Thermodynamic constraints and pseudotransition behavior in a one-dimensional water-like system

TL;DR

The paper analyzes a one-dimensional water-like lattice with van der Waals and hydrogen-bond interactions, allowing particle-number fluctuations via a chemical potential. Using a transfer-matrix approach in the grand-canonical ensemble, it derives the exact thermodynamics from the leading eigenvalue and identifies three ground-state phases, revealing pseudotransitions with sharp but analytic changes in thermodynamic quantities. It then shows how enforcing a fixed density through a Legendre transform smooths these anomalies, yielding density-dependent residual entropy and a finite, non-divergent jump in the specific heat. The results demonstrate the ensemble dependence of pseudotransitions in a simple 1D model and provide insight into the thermodynamics of confined water-like systems, where similar quasi-critical behaviors may arise without true phase transitions.

Abstract

We investigate a one-dimensional water-like lattice model with Van der Waals and hydrogen-bond interactions, allowing for particle number fluctuations through a chemical potential. The model, defined on a chain with periodic boundary conditions, exhibits three ground-state phases: gas, bonded liquid, and dense liquid, separated by sharp phase boundaries in the chemical potential and temperature plane. Using the transfer matrix method, we derive exact analytical results within the grand-canonical ensemble and examine the finite-temperature behavior. The system exhibits clear pseudotransition features, including sharp but analytic changes in entropy, density, and internal energy, along with finite peaks in specific heat and correlation length. To assess the role of thermodynamic constraints, we consider the behavior under fixed density through a Legendre transformation. This constrained analysis reveals smoother anomalies, such as entropy kinks and finite jumps in specific heat, contrasting with the sharper grand-canonical signatures. These results underscore the ensemble dependence of pseudotransitions and show how statistical constraints modulate critical-like behavior. We also verify that the residual entropy continuity criterion holds in the grand-canonical ensemble but is violated when the system is constrained.

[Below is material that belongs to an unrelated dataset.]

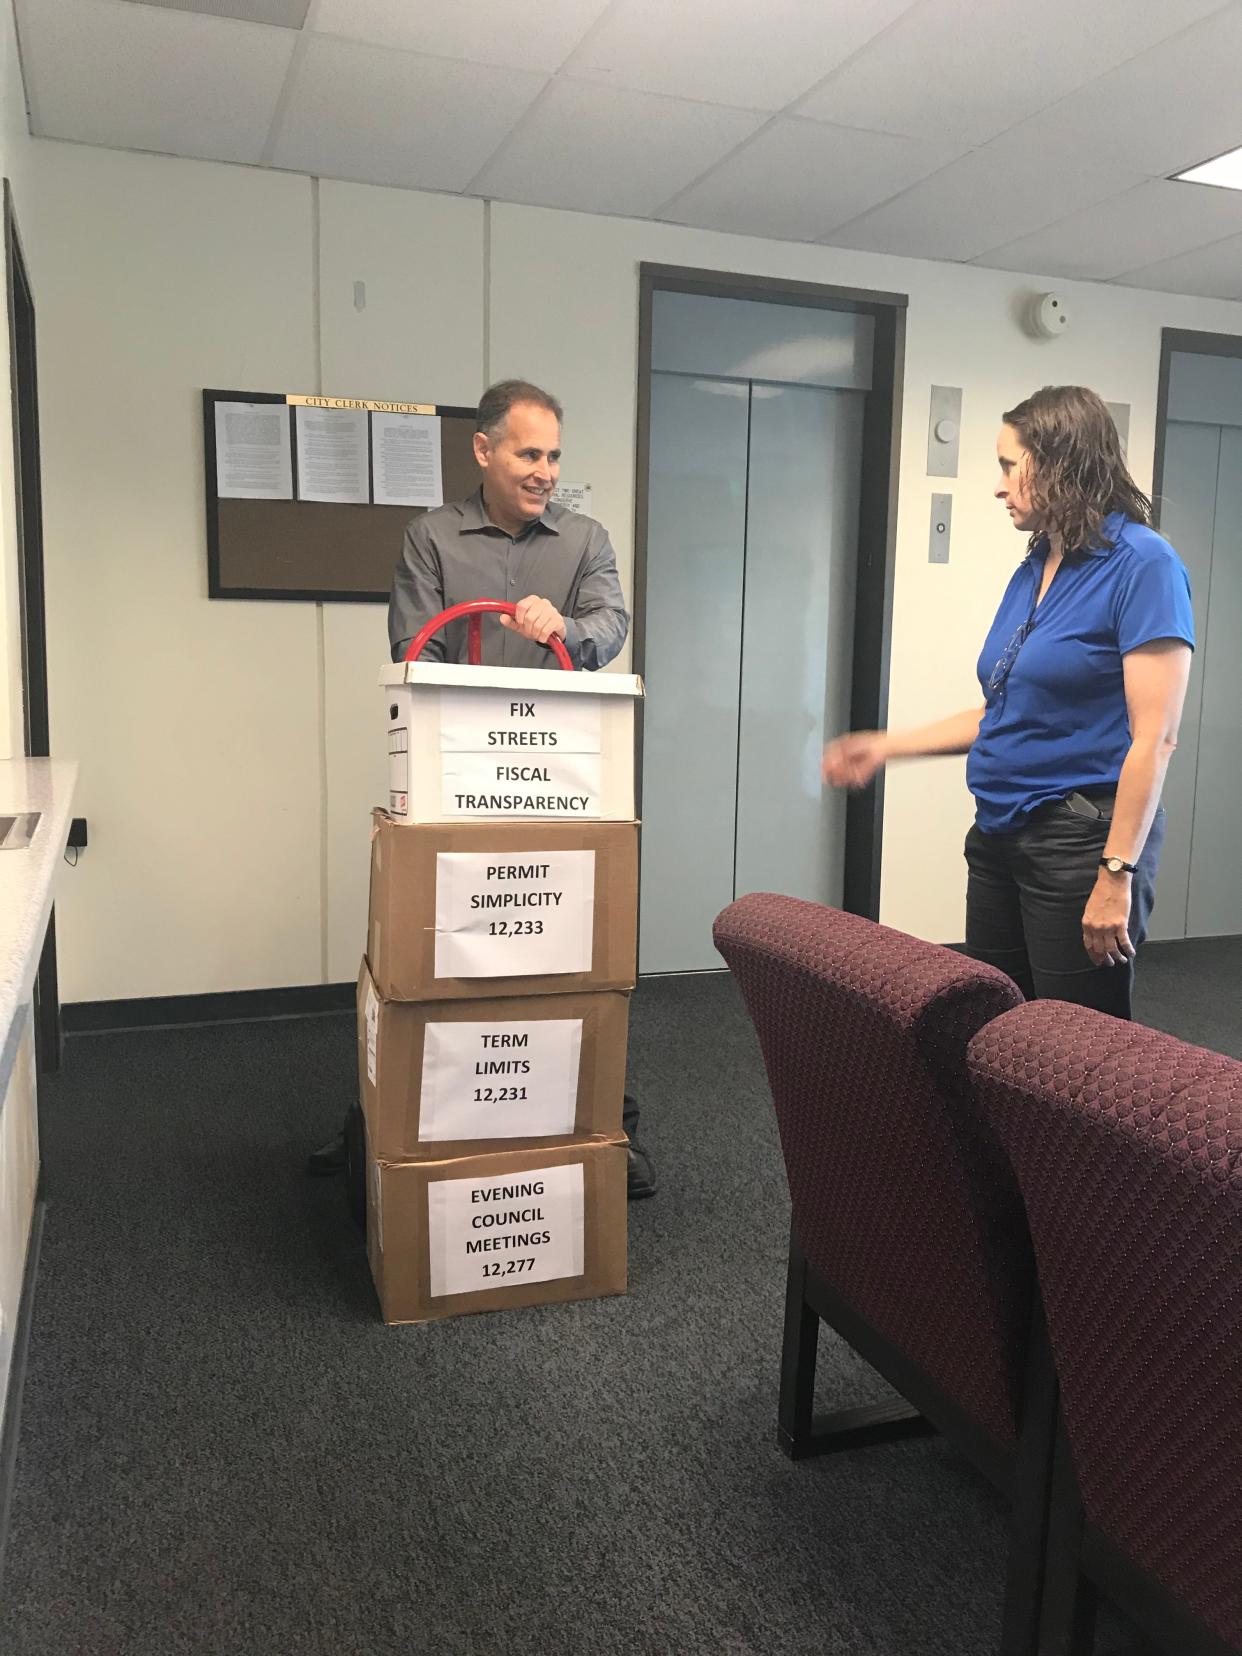 Aaron Starr, left, and Alicia Percell in 2019 submitted boxes of signed petitions for their ballot initiatives on Oxnard government. On Tuesday, the City Council placed a measure about term limits on the November ballot to comply with a court order.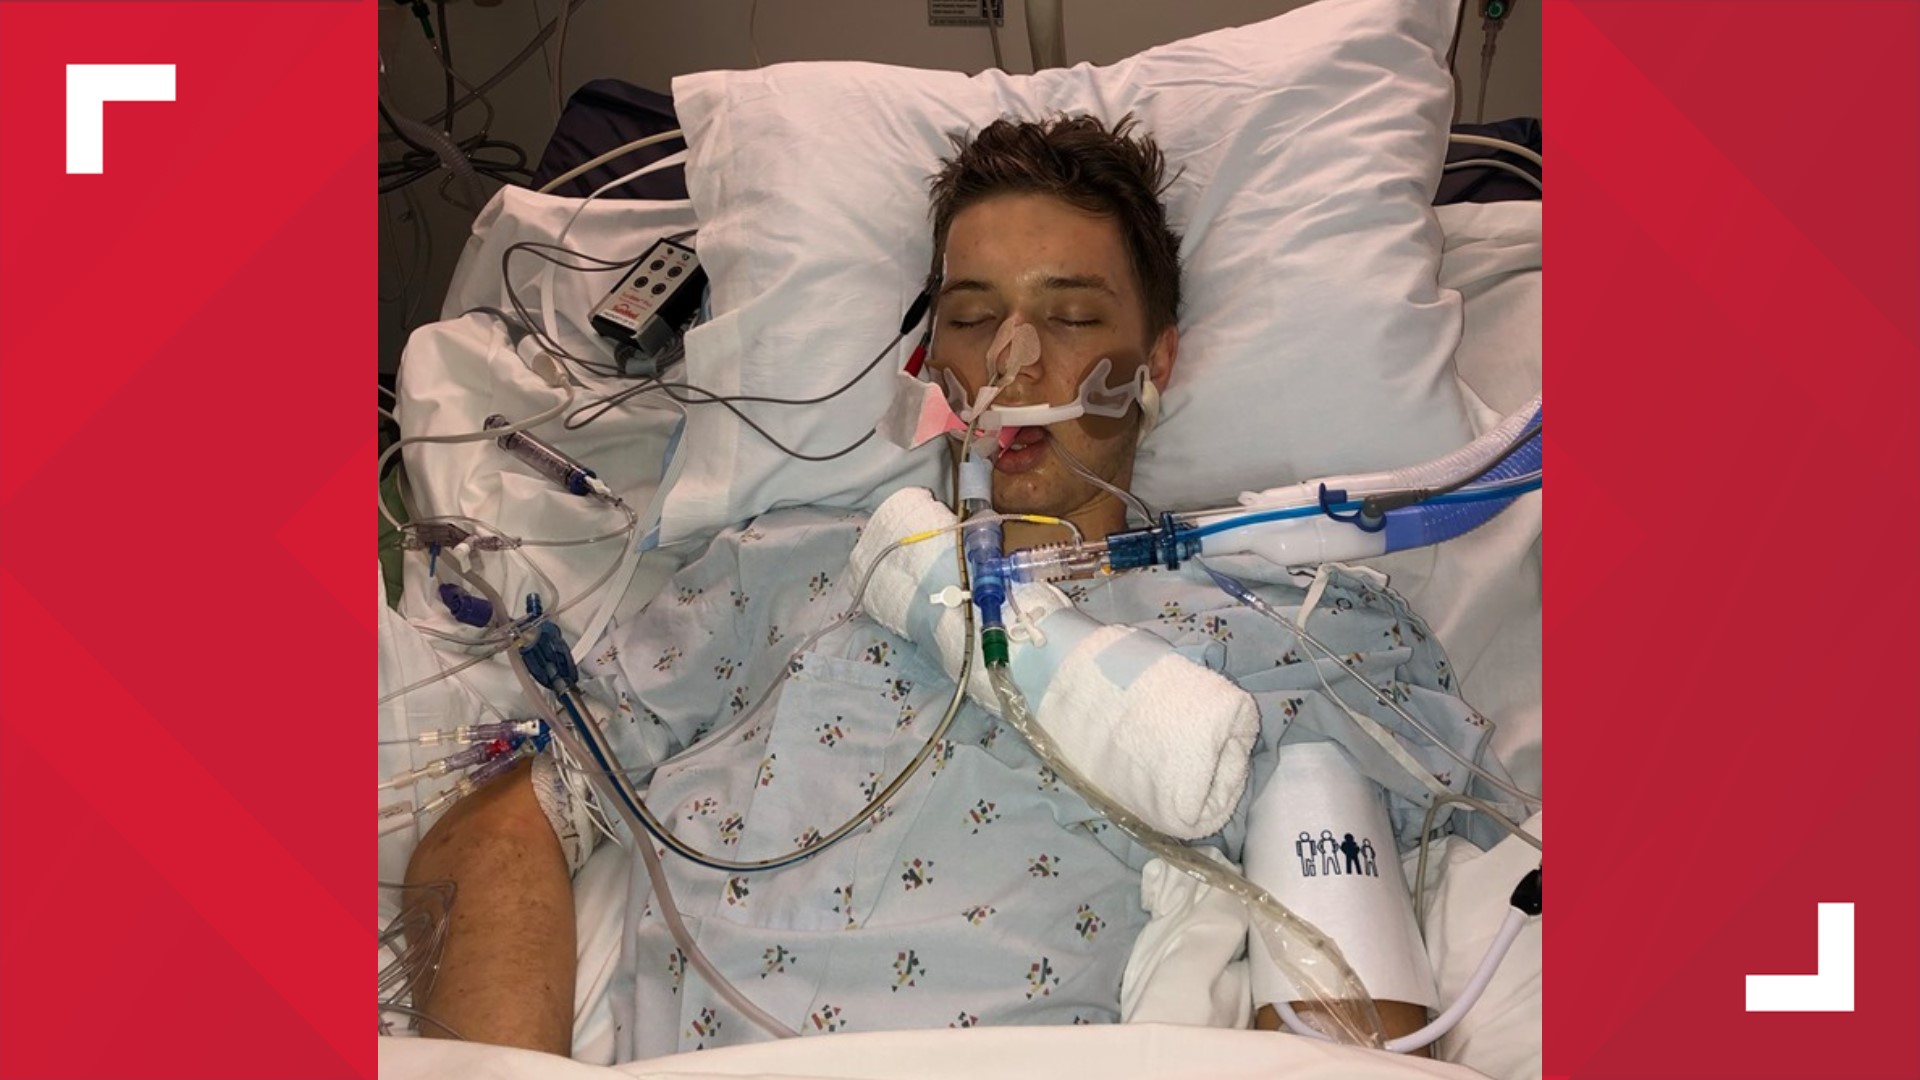 Ricky D'Ambrosio, 21, is fighting for his life in an area hospital after his mother, Christy, said he developed acute respiratory failure from vaping.

Our findings illustrate how even a simple one-dimensional model can mimic water-like thermodynamic anomalies.

Figures (9)

• Figure 1: Phase diagram $\epsilon_{v}/\epsilon_{h}$ against $\mu/\epsilon_{h}$. (Left) The background density plot corresponds to the entropy ${\cal S}/k_{B}$ for a low temperature value $k_{B}T/\epsilon_{h}=0.1$. (Right) The density $\rho$ plot describes the molecule density at $k_{B}T/\epsilon_{h}=0.1$.
• Figure 2: Pseudo-critical temperature $k_{B}T_{p}/\epsilon_{h}$ as a function of the chemical potential $\mu/\epsilon_{h}$, calculated using the expression given in \ref{['eq:Tp-mu']}.
• Figure 3: (a) Density as a function of chemical potential, assuming $\epsilon_{v}/\epsilon_{h}=1$. (b) Density as a function of chemical potential, for $\epsilon_{v}/\epsilon_{h}=0.5$ . (c) Entropy as a function of chemical potential, for fixed $\epsilon_{v}/\epsilon_{h}=1$. (d) Entropy as a function of chemical potential, considering $\epsilon_{v}/\epsilon_{h}=0.5$.
• Figure 4: (a) Density as a function of temperature, assuming $\epsilon_{v}/\epsilon_{h}=1$. (b) Entropy as a function of temperature, for the same set of parameters and conditions as in panel (a). (c) Correlation length $\xi$ as a function of temperature, under the same conditions as in panel (a). (d) Specific heat $C$ as a function of temperature, using the same set of parameters as in the previous panels.
• Figure 5: Phase diagram $\epsilon_{v}/\epsilon_{h}$ versus $\rho$. The dotted line corresponds to the DF phase, the short-dashed line represents the G phase, and the long-dashed line denotes the BF phase. (Left) The background density plot shows the entropy ${\cal S}/k_{B}$ for $k_{B}T/\epsilon_{h}=0.01$. (Right) The background shows $\mu/\epsilon_{h}$ for the same temperature.